UPON DUE CONSIDERATION, IT IS HEREBY ORDERED, ADJUDGED, AND
DECREED that the April 25, 2008 judgment of the district court is AFFIRMED in part,
VACATED in part, and REMANDED.
Plaintiff Christina Bauer appeals pro se from an award of attorney’s fees in favor of
defendants initially granted on April 25, 2008, and finalized in an order entered on August
6, 2008.1 We review an award of attorney’s fees for abuse of discretion. See Farbotko v.
Clinton County of N.Y., 433 F.3d 204, 208 (2d Cir. 2005). In doing so, we assume the
parties’ familiarity with the facts and the record of prior proceedings, which we reference
only as necessary to explain our decision.
Under the Copyright Act, see 17 U.S.C. § 505, “the award of attorney’s fees is within
the sound discretion of the court.” N.A.S. Import, Corp. v. Chenson Enters., Inc., 968 F.2d
250, 253 (2d Cir. 1992). There is “no precise rule or formula” for determining when such
an award is merited. Fogerty v. Fantasy, Inc., 510 U.S. 517, 534 (1994) (internal quotation
marks omitted). Instead, “equitable discretion should be exercised in light of the [relevant]

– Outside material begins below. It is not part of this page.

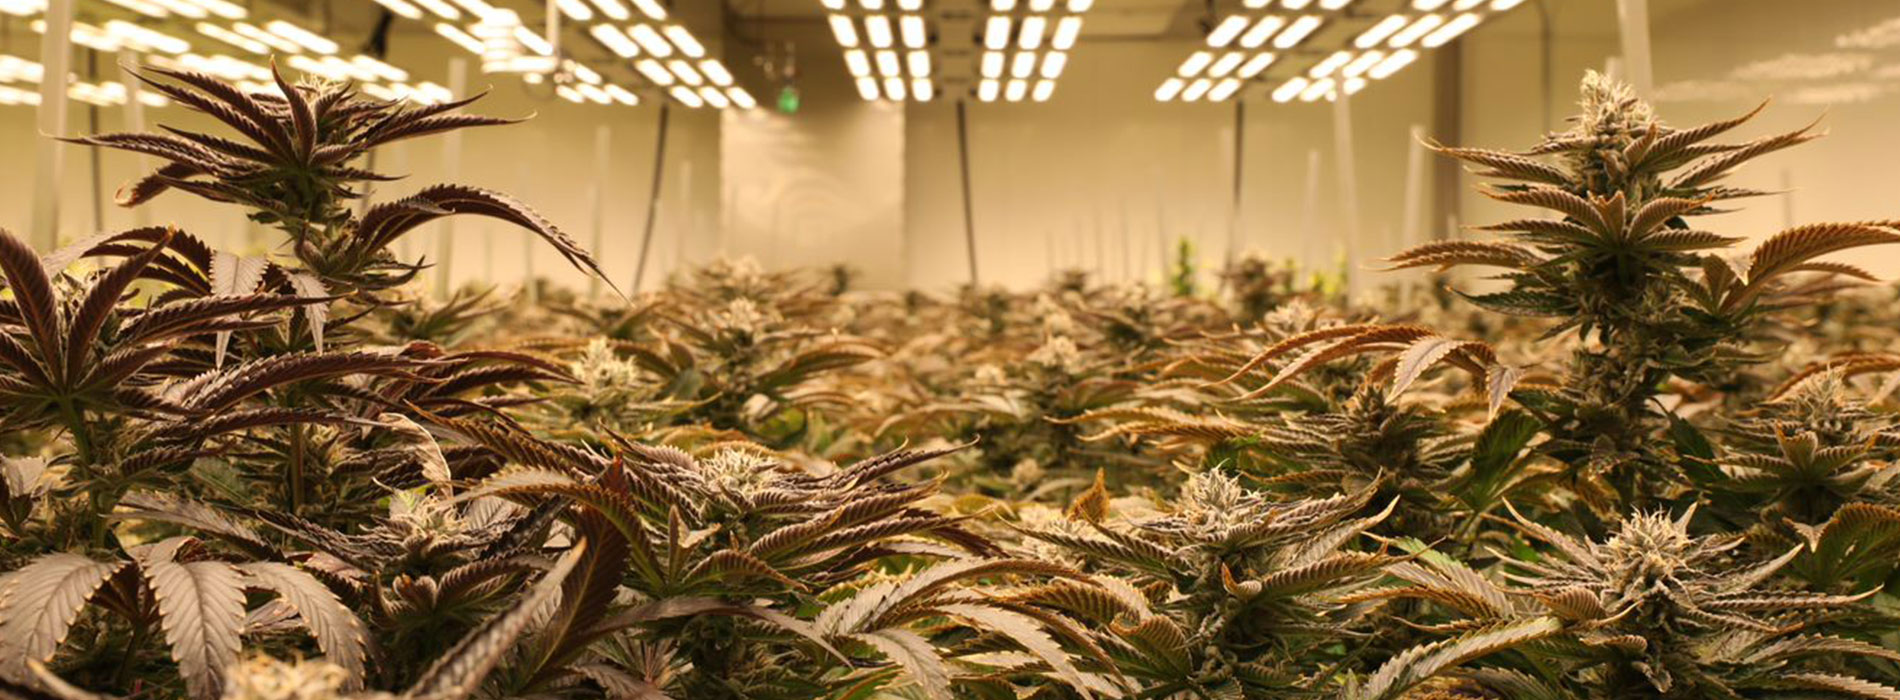 cannabis strain cultivation facility

considerations,” which include “frivolousness, motivation, objective unreasonableness (both
1
Bauer’s notice of appeal was taken from the district court’s judgment granting
summary judgment and an unspecified amount of attorneys’ fees to defendants. In October
2008, however, this Court dismissed the appeal to the extent that it challenged the grant of
summary judgment because that portion of the appeal lacked an arguable basis in law or fact.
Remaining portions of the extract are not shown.